Теперь Фишер снова обращается ко мне.

– Сразу перед тем, как родился ваш второй ребенок, я выслал акушерку проверить другую роженицу. Процесс рождения первого ребенка и болеутоляющие мешали вам ясно воспринимать реальность. В момент чистого безумия я подменил детей. Подменил вашего живого ребенка на своего, мертвого.

Он теребит себя за щеку, будучи не в силах посмотреть в глаза мне или Скотту. Его взгляд устремлен куда-то далеко.

– Гарри… был братом Сэма, – говорит Фишер. – Он был вашим вторым ребенком. Он есть ваш второй ребенок. Я сделал ужасную вещь, знаю. Мне нет оправданий. Но тогда я говорил себе, что ведь у вас уже есть один здоровый малыш. Я говорил себе, что делаю это ради Лиз, чтобы уберечь ее от горя. Она бы не смогла с этим жить… Мне жаль, мне так ужасно жаль…

– Уберечь ее от горя? – еле слышно шепчу я себе. – А я? Как же мое горе?

Доктор продолжает твердить, как ему жаль. Надо же, сотворил такую кошмарную вещь, а извиняется так, словно взял последний кусок пирога с тарелки, или машину мне поцарапал, или случайно толкнул меня своей тележкой в супермаркете!..

– За такое одним извинением не отделаешься, – вырывается у меня. – Нельзя просто взять и получить прощение за то, что вы взяли и подменили моего здорового, дышащего малыша на вашу мертвую дочку.

Но Фишер все твердит одни и те же слова, снова и снова:

– Мне жаль. Мне очень, очень жаль.

– Прекратите! – кричу я. – Хватит извиняться. Хватит!

Он на минуту умолкает, но почти тут же снова открывает рот и продолжает говорить, объяснять, не замечая, что каждым своим словом разбирает мою жизнь по винтику.

– Моя жена ничего не знала, – торопливо рассказывает он. – Она думала, что Гарри наш собственный. Она и любила его так, словно он был наш. И я тоже. Я похоронил правду глубоко в своем сердце. Но у правды всегда бывают неудобные, острые края. И они резали меня изнутри. День за днем.

Мне хочется заорать ему, что я в точности знаю, как именно режут человека изнутри эти беспощадные края-лезвия. Но я заставила себя молчать. Молчать и слушать. Признания лились у Фишера изо рта, как непрерывный поток вирусов, инфицируя нас.

– Когда моей жене поставили диагноз – последняя стадия рака, – что-то как будто нашло на меня. Откровение. Я подумал, если не скажу ей про Гарри сейчас, то у меня никогда не будет другого шанса. И я признался. Рассказал ей обо всем, что сделал тогда. Она была потрясена. Шокирована. Раздавлена. Она умерла, презирая меня. И имела на это полное право. Вот что я с ней сделал. А ведь я всегда хотел быть только врачом. Помогать людям. И вот что из этого вышло… – Голос доктора срывается, он роняет голову в ладони.

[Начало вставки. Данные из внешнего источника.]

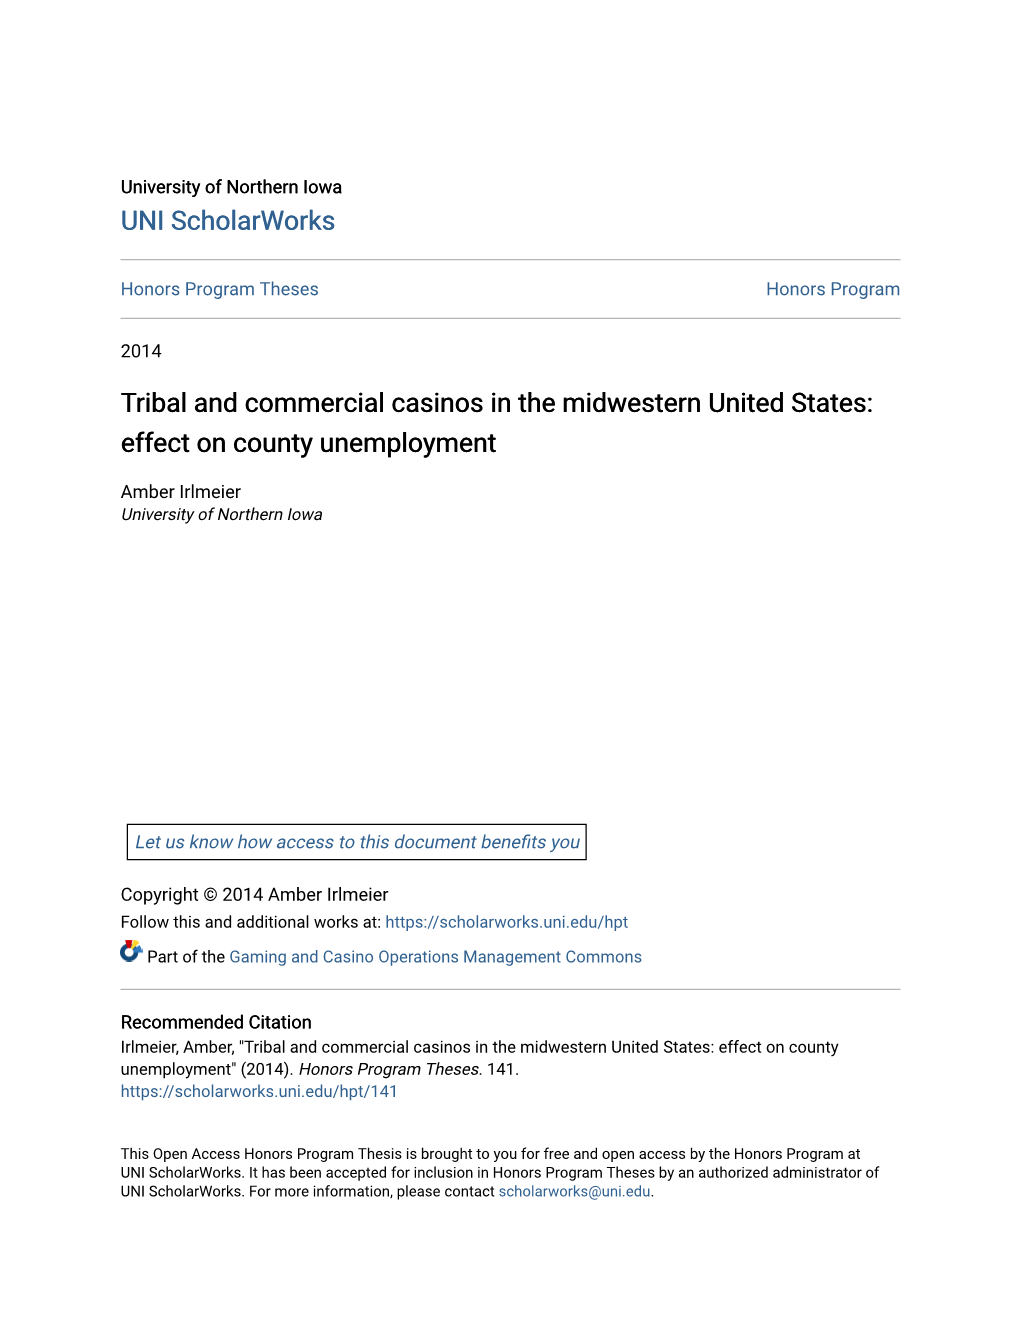 Tribal and Commercial Casinos in the Midwestern United States: Effect on County Unemployment

Теперь, когда я знаю всю правду, она словно вытягивает силы из моего тела, и я ложусь на пол, щекой к доскам, подгибаю колени и подтягиваю их к животу. Правда проникает в каждую клеточку моего тела, как яд, выпущенный под кожу из шприца. У меня не осталось слов, одни слезы. Осознание того, что со мной произошло, наполняет меня горечью, подобно тому, как запах полыни наполняет горечью нос. Как много я потеряла… Как многого меня лишили… Горя по умершей дочери, которая не была моей. Опустошения после смерти Сэма. Состояния бездетного материнства. Всего. Всего, что так трудно было перенести, особенно теперь, когда я знаю, что переносить это было вовсе не нужно.

Но с другой стороны, разве я не поняла это с самого начала? С того дня, когда Гарри появился в моей кухне и я увидела такие знакомые темные кудряшки и глаза, точную копию глаз моего покойного сынишки…

Поняла. В глубине души я поняла все сразу.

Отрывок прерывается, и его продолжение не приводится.